Karbonhidratlar konusunda asıl önemli olan şey tüketilen karbonhidratın türü ve miktarıdır. Gebe ihtiyaç duyduğu karbonhidratı almak zorundadır. Ancak bu bir beslenme uzmanı tarafından hesaplanmalı ve gebenin tüketebileceği şekilde diyetine eklenmelidir. Kan şekerini hızlı yükselten basit şekerler yerine lif miktarı yüksek kan şekerini daha yavaş yükselten kompleks karbonhidrat türleri seçilmelidir.

Kompleks karbonhidratlar; tam tahıl taneleri, kepekli pirinç, kepekli makarna, tam buğday ekmekleri, çavdar ve yulaf benzeri karbonhidrat türleridir.
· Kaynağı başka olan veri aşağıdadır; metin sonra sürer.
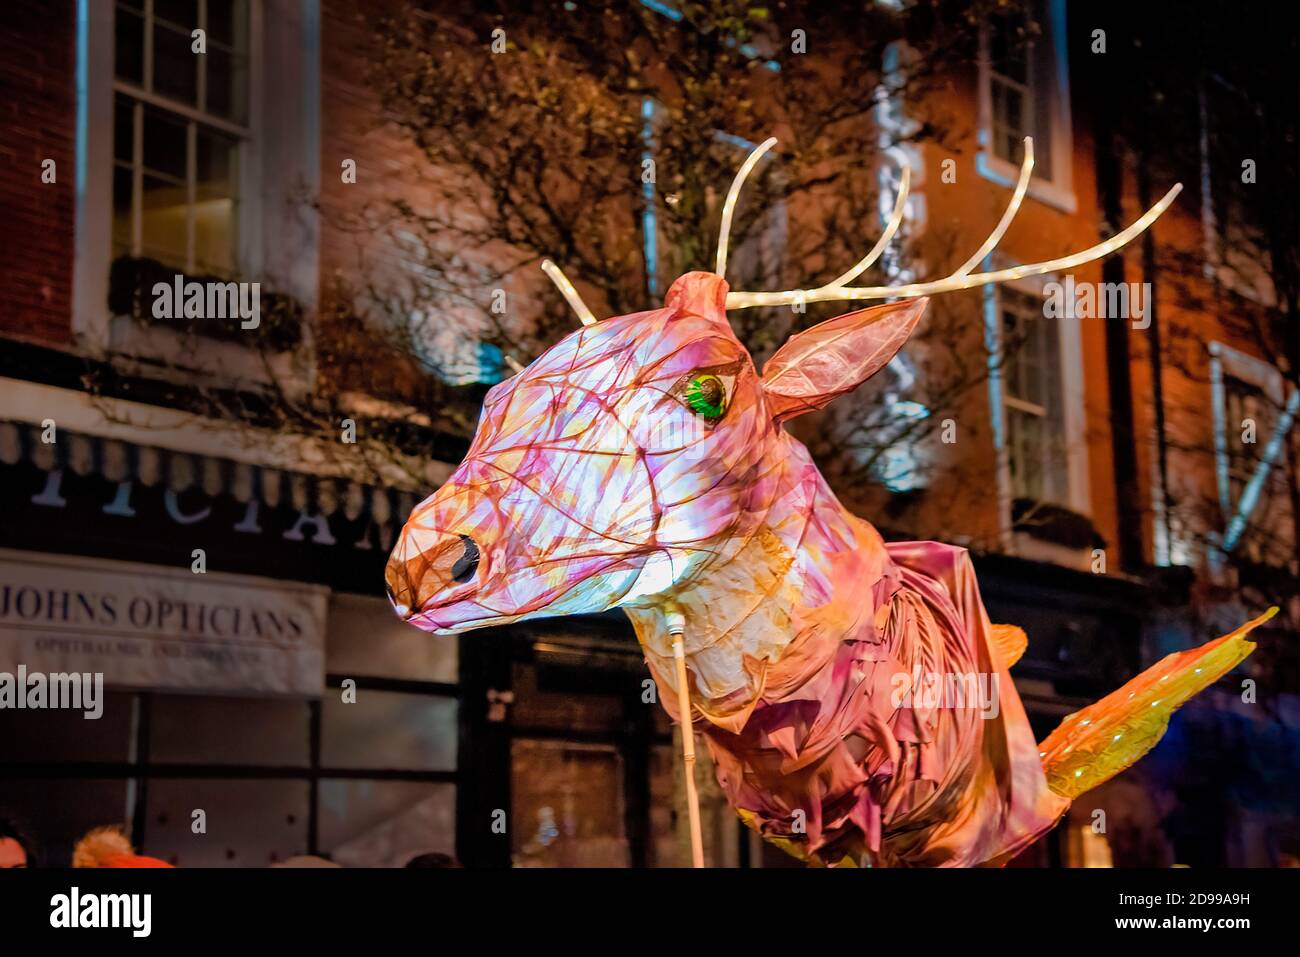 Nottigham, Reino Unido - Feb 2020: Linterna de papel, con forma de cabeza de ciervo que ilumina el desfile durante el festival anual de luces. Foto de stock

Diyabetli gebeler için beslenme önerileri:

Ara öğünlerinizi kesinlikle atlamayın. Unutmayın kan şekerinin yükselmesi kadar düşmesi de çok büyük bir tehlikedir. Bunu önlemenin en basit yolu sık aralıklarla beslenmektir. Kan şekerinin dengede tutulması için öğün sayı ve miktarları önemlidir. Ortalama 2,5-3 saat ara ile beslenme özen gösterin.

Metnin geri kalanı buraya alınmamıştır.